The album has 12 songs, which Wood later described in an interview as "bubblegum pop", and mixes together a number of music genres including Motown ("Down"), gospel ("Higher Than Heaven"), country ("What Have You Done") and Latin pop ("Got Me Where You Want Me"). The two ballads, "Missin' Your Love" and "Love Me No More", were written by the Dowlut brothers who were known as R&B duo Kaylan when they toured in support of Bardot. In 2002, the brothers formed the dance act Disco Montego, and recorded with Katie Underwood after she left Bardot.

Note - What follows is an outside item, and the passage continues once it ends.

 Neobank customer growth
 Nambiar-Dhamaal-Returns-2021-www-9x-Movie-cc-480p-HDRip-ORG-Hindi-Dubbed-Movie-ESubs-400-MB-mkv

Following Underwood's departure in mid-2001, the album was released in the UK. A slightly different track listing was used, opening with a new song, "ASAP" (which was the first single from the Bardot's second studio album Play It Like That), and new artwork with more recent photos of the band. Despite Underwood's vocals featuring on 12 of the 13 songs, her name or picture does not feature at all in the packaging.

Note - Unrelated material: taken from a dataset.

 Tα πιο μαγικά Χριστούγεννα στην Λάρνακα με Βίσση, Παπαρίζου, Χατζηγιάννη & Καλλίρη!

The album debuted at number one on the Australian ARIA Charts, making Bardot the first Australian act to have their debut single and debut album enter the charts at number one. The album was certified double platinum (140,000+) and became the twentieth biggest selling album in Australia of 2000. The album also sold well internationally, reaching number one in New Zealand, with a platinum certification, and peaked at #2 in Singapore where it was twelfth highest selling album of 2000. It was nominated in the Highest Selling Album category at the 2000 ARIA Music Awards but lost to Savage Garden's Affirmation.

Track listing

Standard edition
"These Days" (Colin Campsie/Phil Thornalley)
"I Should've Never Let You Go" (Tommy Faragher/Lotti Golden/Hinda Hicks)
"Higher Than Heaven" (Alan Glass/Laura Pallas/Jodie Wilson)
"Poison" (Darryl Sims/Michael Szumowski)
"Missin' Your Love" (Darren Dowlut/Dennis Dowlut)
"Down" (Nick Howard)
"Other Side of Love" (Eliot Kennedy)
"What Have You Done" (Eliot Kennedy)
"Love Me No More" (Darren Dowlut/Dennis Dowlut)
"Girls Do, Boys Don't" (Dow Brain/Kara DioGuardi/Brad Young)
"Holding On" (Ashley Cadell)
"Got Me Where You Want Me" (Lindy Robbins/Kevin Savigar)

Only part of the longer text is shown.